Ultra-Rare 1969 Dodge HEMI Daytona with World's Lowest Mileage Fetches a Stunning $1.4 Million

Introduced in 1969 as a NASCAR-spec, more radical take on the Charger 500, the Dodge Daytona morphed into a rare and highly desirable classic in the 21st century. To the point where HEMI-powered examples have already surpassed the $1 million mark.

The first Daytona came close to the magical seven-digit figure in 2015 when a low-mileage example in Copper Metallic changed hands for $900,000. That record was broken seven years later, in May 2022, when the world's most highly optioned Daytona, a HEMI-powered unit in Dark Green, was auctioned off for a whopping $1.32 million (including fees).

This time around, it took only a few months for the record to be surpassed because the low-mileage example that fetched $900K in 2015 returned to the auction block at Kissimmee in January 2023. 

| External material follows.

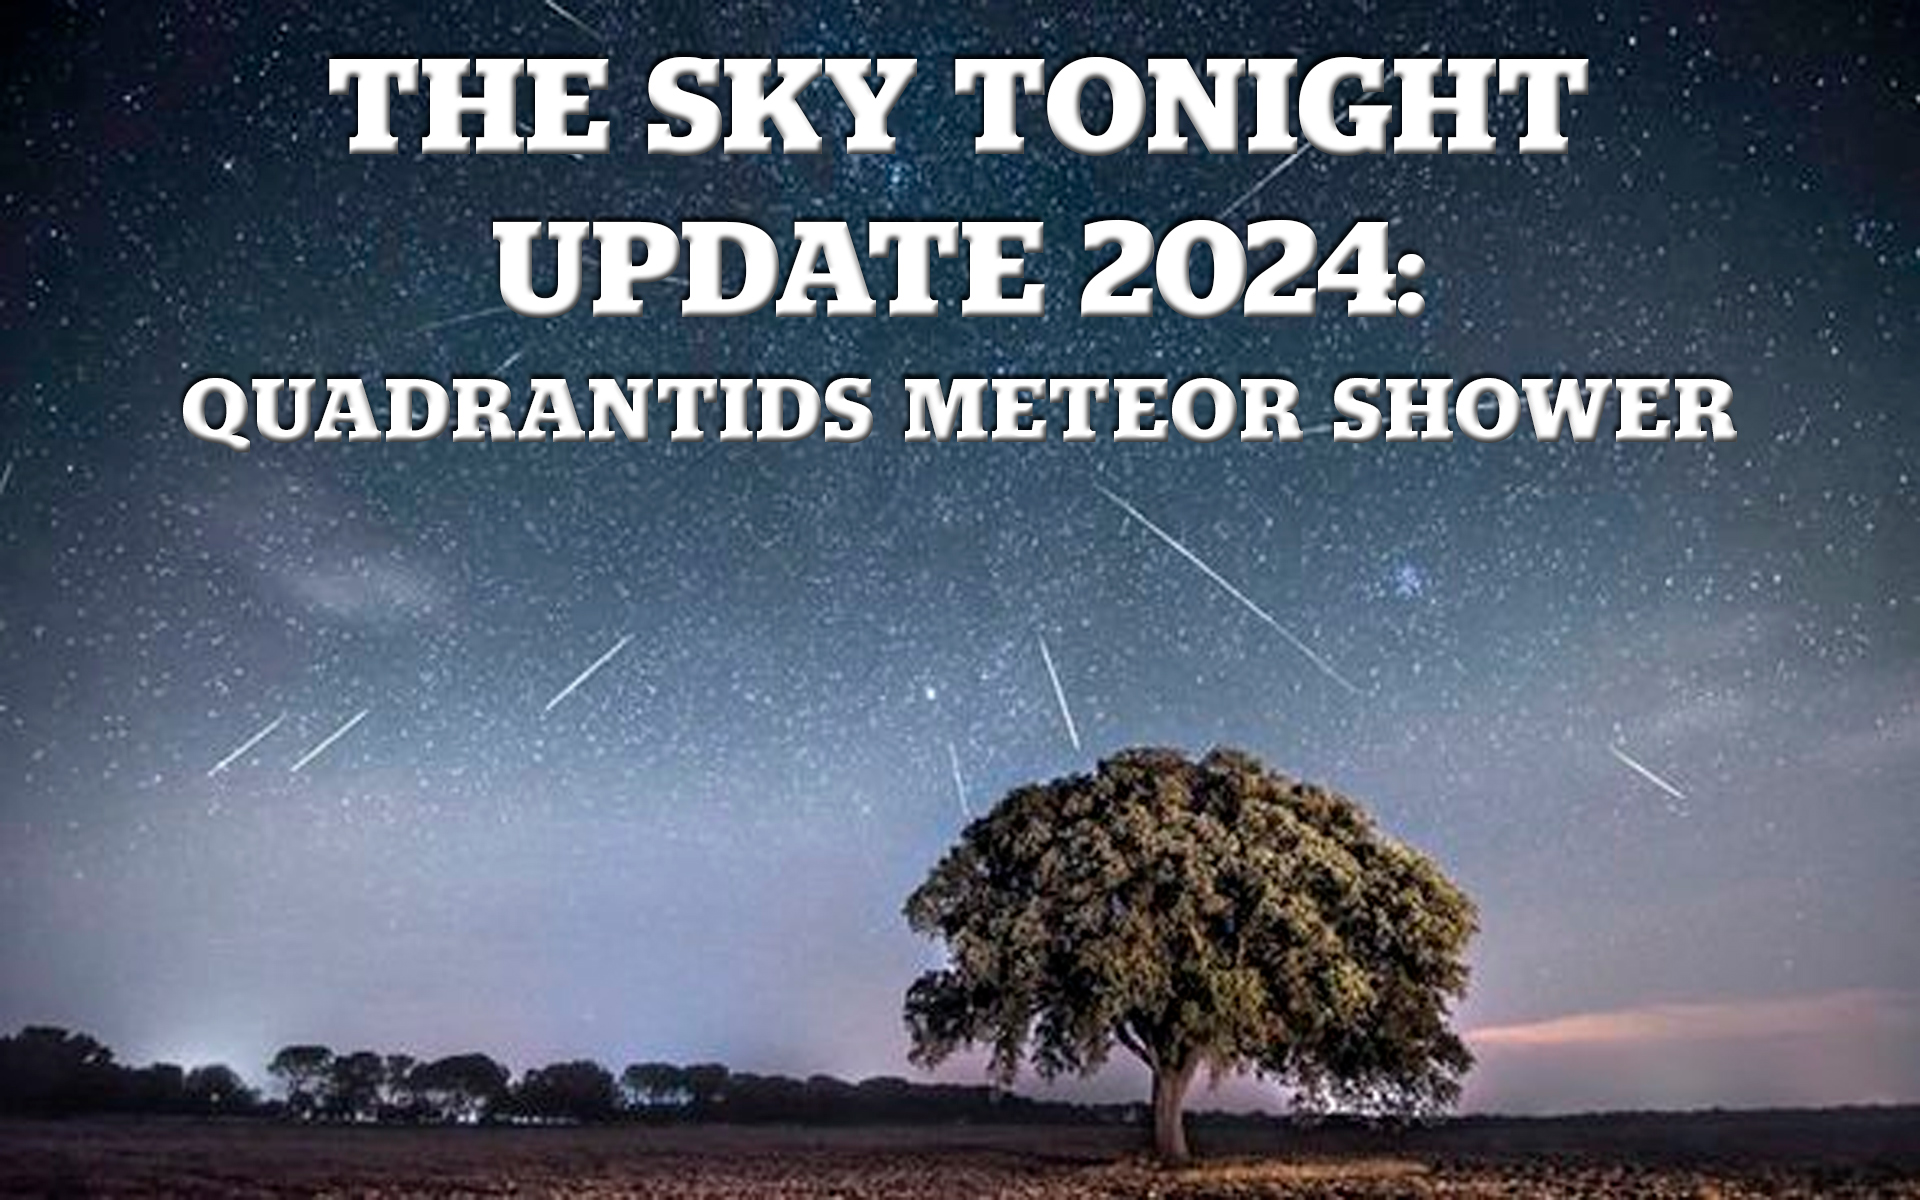 The Sky Tonight Update: Quadrantids Meteor Shower

Expected to fetch at least $1.3 million, the Copper Metallic "winged warrior" went to a new home for $1.43 million (including fees). That's $110,000 more than the previous record and a new benchmark for the 1969 Dodge Charger Daytona.

What makes this specific Daytona so valuable, you ask? Well, for starters, it's the lowest-mileage Daytona documented to exist. And by "low mileage," I mean that this NASCAR homologation car was barely broken in because the odometer shows only 6,490 miles (10,384 km). And impressively enough, it's been driven for only 55 miles (89 km) since it was previously sold in 2015.

Second, it was one of those highly desirable examples that left the factory with the mighty 426-cubic-inch (7.0-liter) HEMI V8. While Dodge assembled 503 examples in 1969, only 70 of them were fitted with Mopar's iconic V8.

And the fact that this example also features a four-speed manual gearbox makes it a one-of-20 gem. What's more, it's the only one painted T5 Copper Metallic with a white wing stripe and a tan interior.

Third, it's the only HEMI Daytona that was owned by a famed newspaper publisher, a major football player, and a well-known Hollywood celebrity. Specifically, it was previously owned by Los Angeles Times owner Otis Chandler, NFL player Kevin Green, and actor David Spade.

This car was also part of the International Show Car Association tour for custom cars in the 1970s because the original owner had it repainted in a bespoke color and its interior replaced.

Luckily enough, he kept all the original parts in storage, and the car was restored to original specifications under Otis Chandler's ownership. The refresh was performed by the famed restored Roger Gibson.

This fine Daytona was part of the Gary Edwards Wing Car & Mopar Collection until it was auctioned off at Kissimmee and shared the same garage with no fewer than six other 1969 Charger Daytonas and five 1970 Plymouth Superbirds.

The entire batch of "winged warriors" raised almost $6 million.